Em 12 de julho de 1904, em Parral no Chile, nasceu Ricardo Eliécer Neftalí Reyes Basoalto. Porém, provavelmente você não deve conhece-lo por este nome, já que ao longo da sua vida todos o chamavam de Pablo Neruda. O pseudônimo foi escolhido pelo chileno para homenagear Jan Neruda, um escritor tcheco. Pablo Neruda foi um dos maiores poetas do século XX, reconhecido pelo mundo todo. Além de mestre na literatura, o chileno também foi diplomata.

O envolvimento de Neruda com a política no governo de Salvador Allende, causou problemas ao poeta, que foi perseguido pelo grupo que apoiava o ditador Augusto Pinochet. Poucos dias, após o golpe militar que levou Pinochet ao poder, Neruda acabou morrendo. É verdade, que o poeta já estava doente, mas há quem diga que ele foi assassinado por uma injeção letal aplicada no hospital, onde ele se recuperava de um câncer de próstata.


#Pracegover: Foto Estátua com Busto de Pablo Neruda. Na base escrito nome do poeta, com ano de nascimento (1904) e de morte (1973). Atrás da estátua um grafite no muro bem colorido, representando uma mata, várias árvores e alguns passáros no desenho.

AS CASAS DE NERUDA:

Além de um legado inestimável para literatura, Pablo Neruda também deixou 3 casas no Chile, que se transformaram em museus e hoje estão abertas a visitação dos admiradores do poeta. Elas são conhecidas como: La Chascona, La Sebastiana e a Casa de Isla Negra. Em todas elas o tour é feito por meio de audioguias e não são permitidas fotografias nas partes internas, só nos jardins. Ou no máximo das janelas para fora. Vamos conhecer um pouco mais das casas do poeta.

LA CHASCONA

A Casa de Santiago de Pablo Neruda. O poeta começo a construir a casa em 1953, para Matilde Urrutia, que era na época sua amante. A casa foi batizada de “La Chascona”, que era como o poeta chamava Matilde. O espaço foi usado para ele ter encontros secretos com sua amante na época. Em fevereiro de 1955, Neruda se separa de sua atual esposa Delia del Carril e passa a viver na casa com Matilde, que viria a tornar-se sua esposa, com quem viveu até sua morte.

La Chascona foi construída em 3 partes, sendo todas elas unidas por escadas e jardins.
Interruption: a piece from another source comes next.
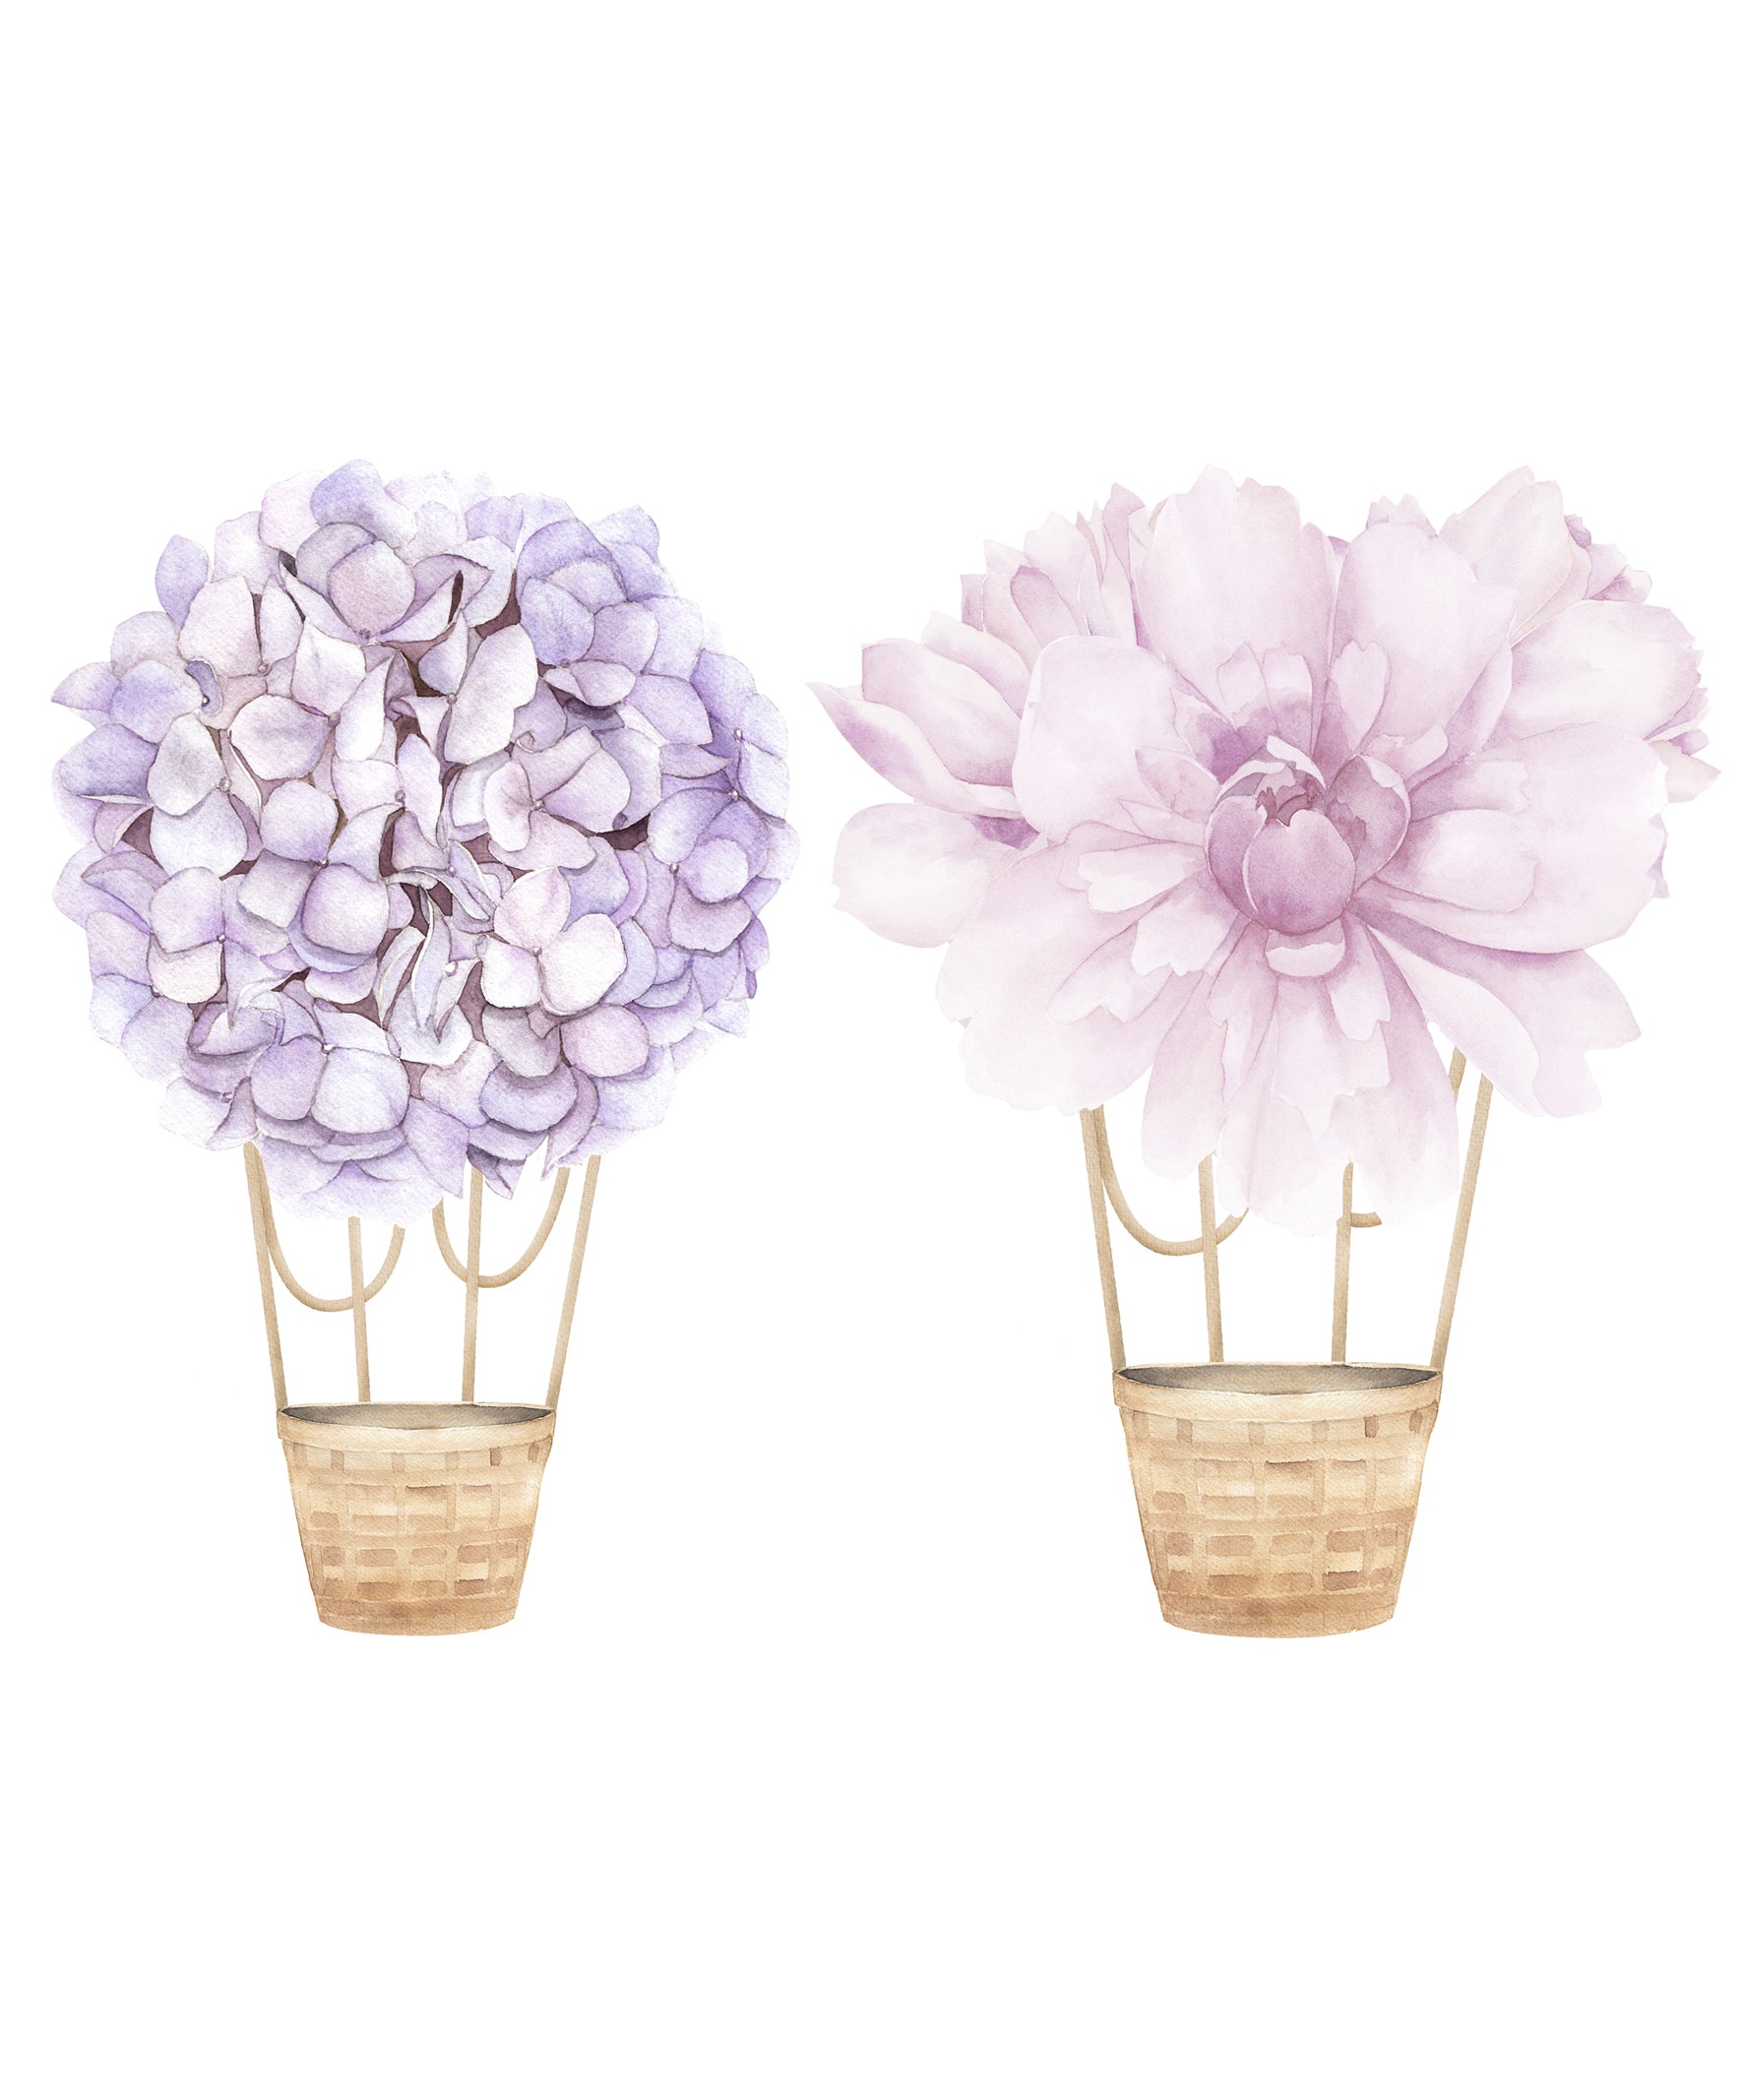 Floral Hot Air Balloons (Purple) - Wall Decals - Fable and Fawn

O projeto inicialmente foi realizado pelo arquiteto Germán Rodríguez Arias. Mas, as últimas intervenções na casa foram feitas pelo arquiteto Carlos Martner. Porém, a Chascona sofreu atos de vandalismos pelos apoiadores de Pinochet, poucos dias após a derrubada do governo de Allende. O velório de Neruda, que morreu dias após a tomada do poder pelo ditador, aconteceu na casa e milhares de chilenos tomaram as ruas na proximidade do local.
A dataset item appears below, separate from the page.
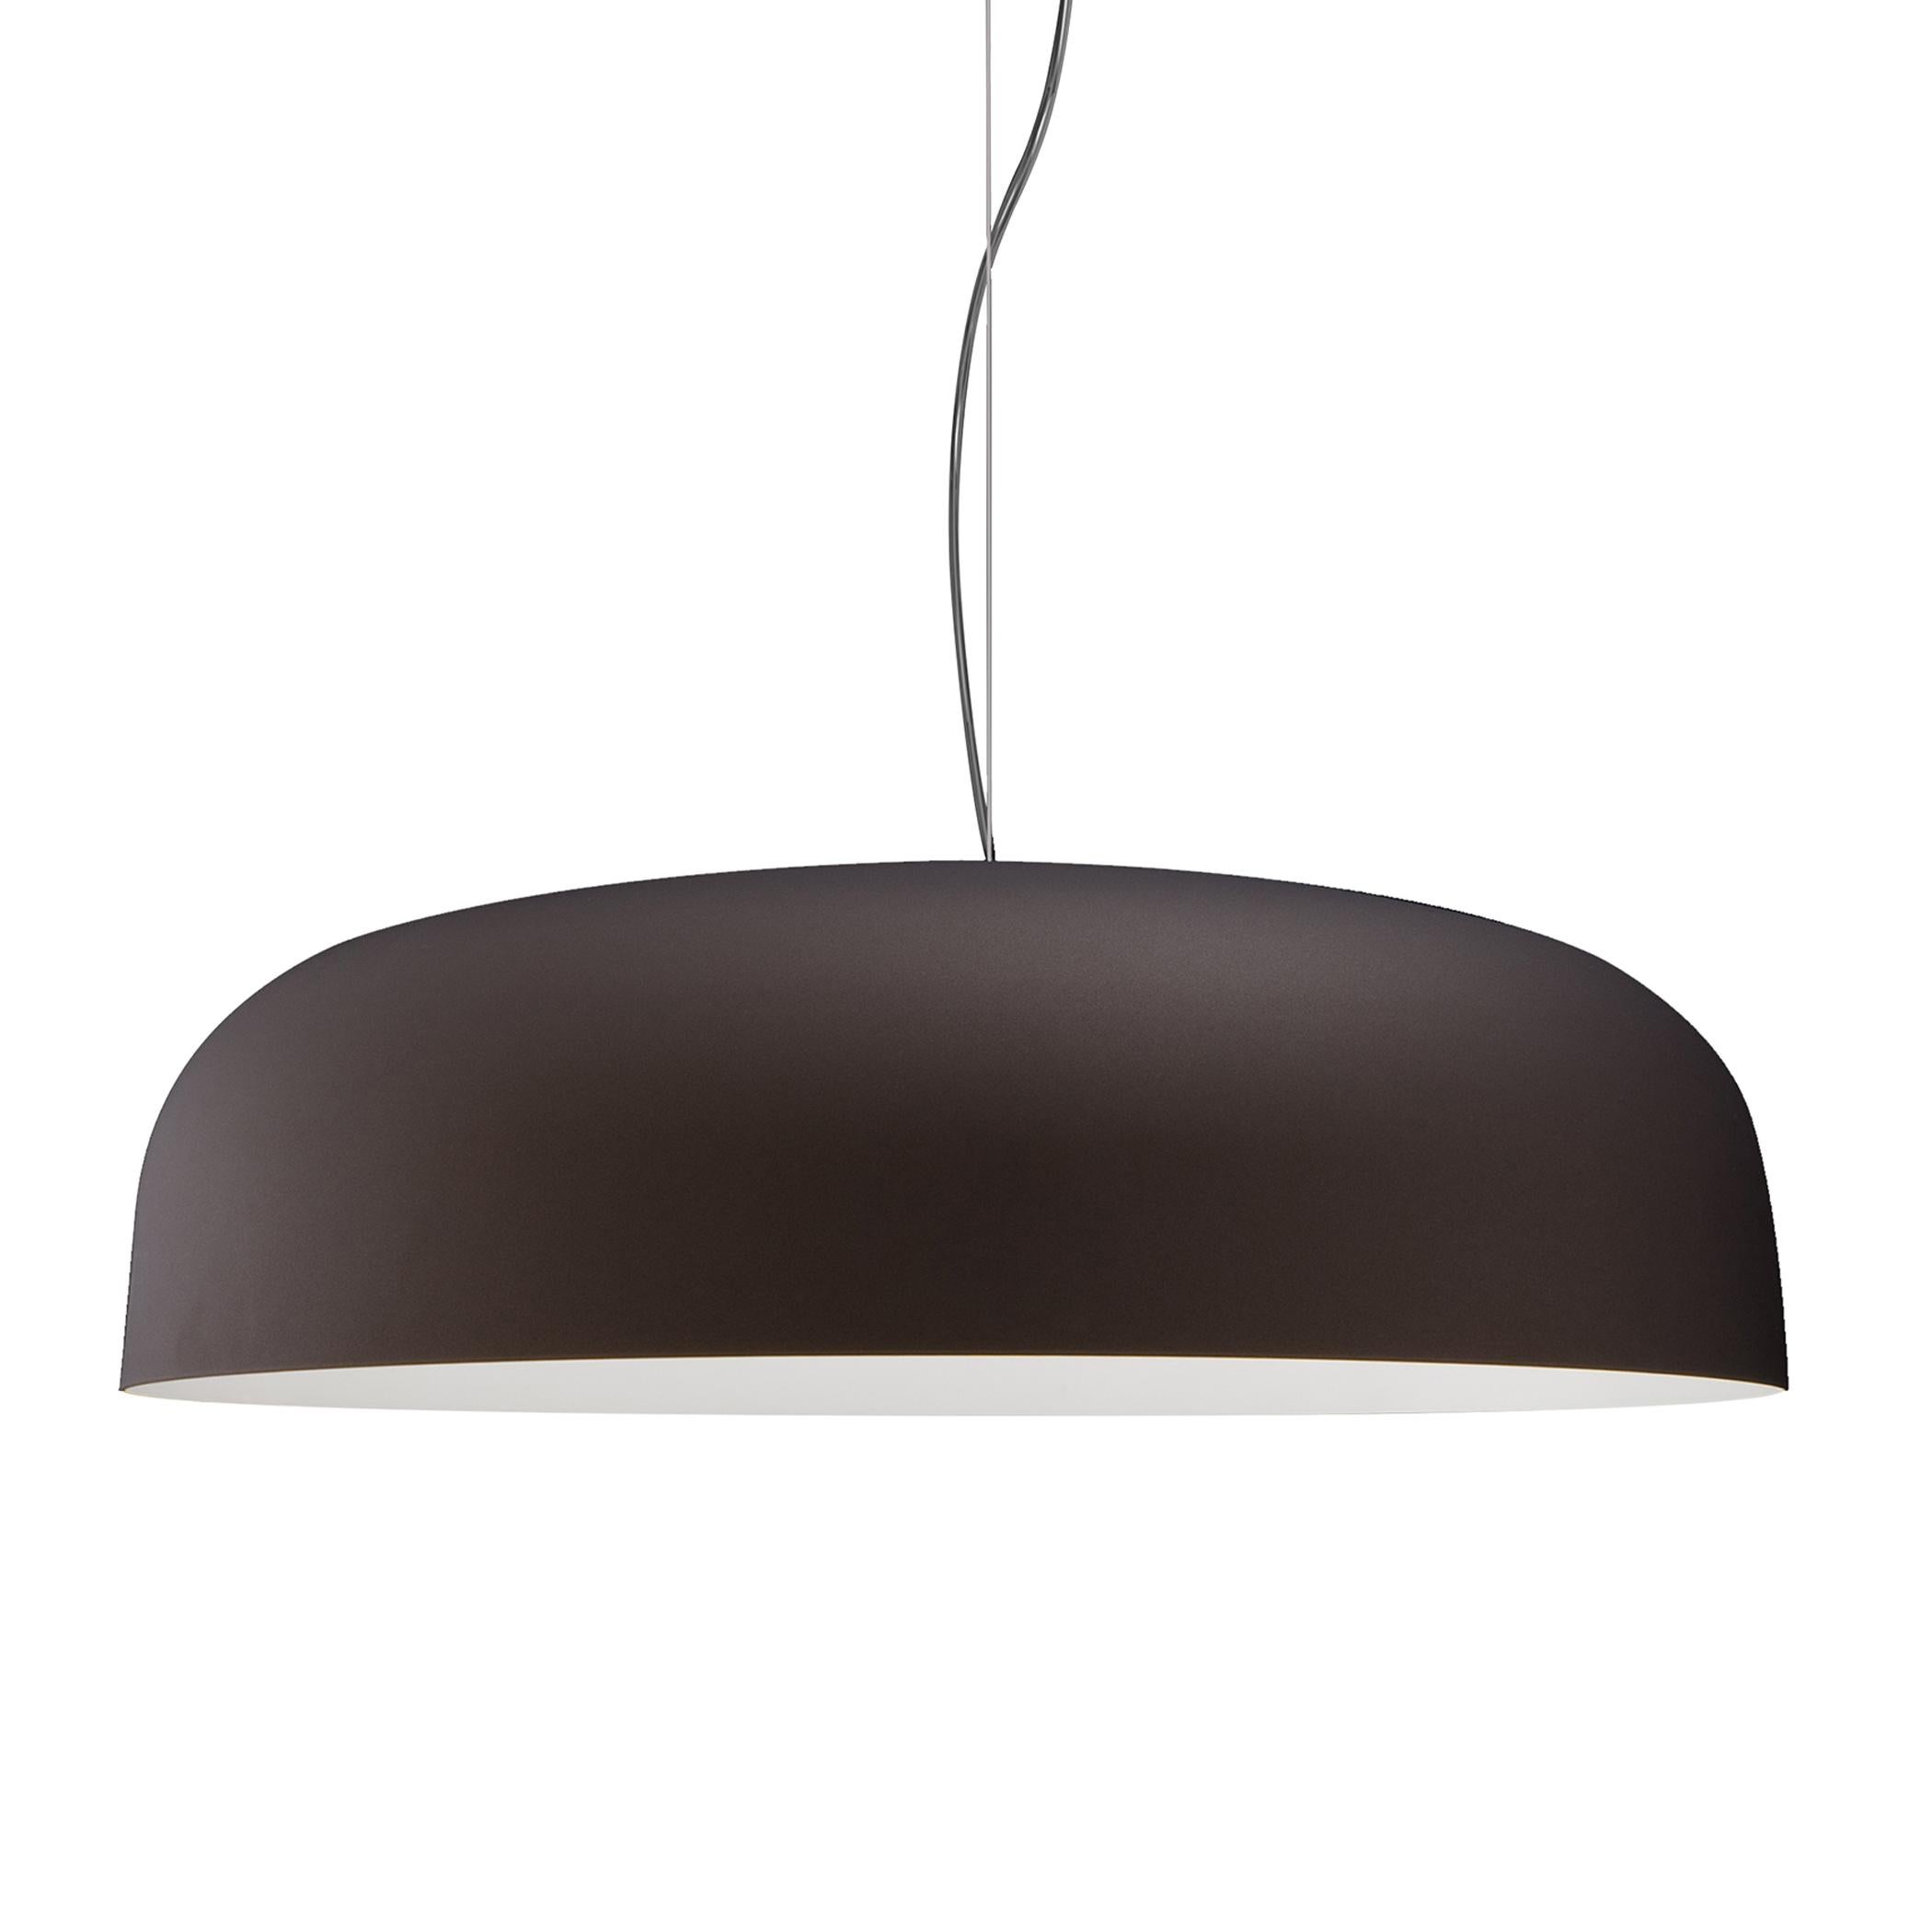 Mid-Century Modern Francesco Rota Suspension Lamp 'Canopy' 422 Bronze and White by Oluce

Anos depois, Matilde dedicou-se a reconstrução da casa, até sua morte que aconteceu na década de 80. Posteriormente, La Chascona tornou-se além de museu a sede da Fundação Pablo Neruda.
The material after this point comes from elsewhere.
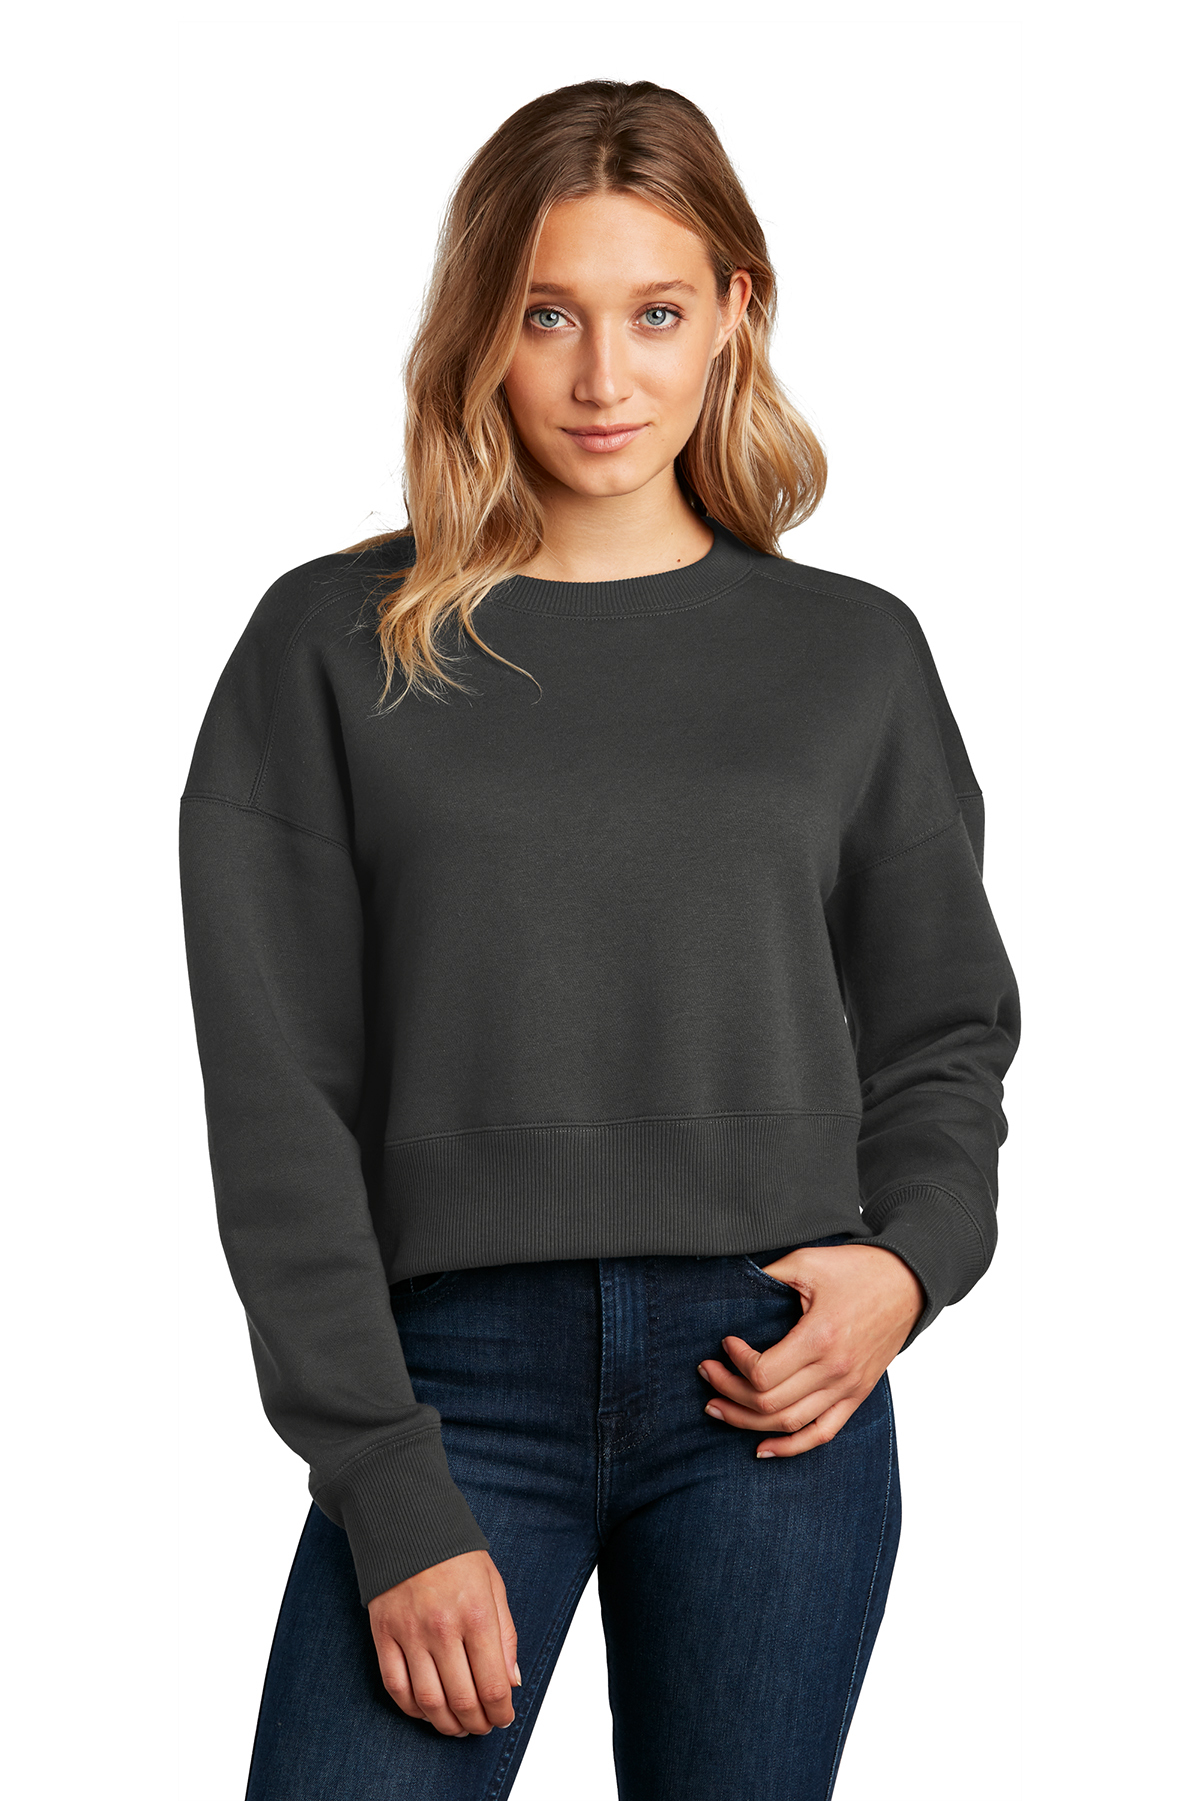 District® Women’s Perfect Weight® Fleece Cropped Crew

#Pracegover: Foto de um pedaço da casa de Neruda. Lado esquerdo superior um pedaço da Casa pintada de azul com madeira. Lado direito muro pintado de amarelo. Com uma janela (pela janela é possível ver algumas jarras e objetos de vidro). Ao lado da janela uma porta de vidro.

MINHA EXPERIÊNCIA:

La Chascona foi a primeira casa que visitei de Pablo Neruda. O primeiro ponto tem um vídeo para ver sobre a Fundação Pablo Neruda e a La Chascona. Vale a pena assistir o filme inteiro. É uma boa contextualização da vida do poeta, é possível começar a entender um pouco mais de Neruda. A Chascona em si é uma casa bem pitoresca, com muitos objetos pessoais do chileno.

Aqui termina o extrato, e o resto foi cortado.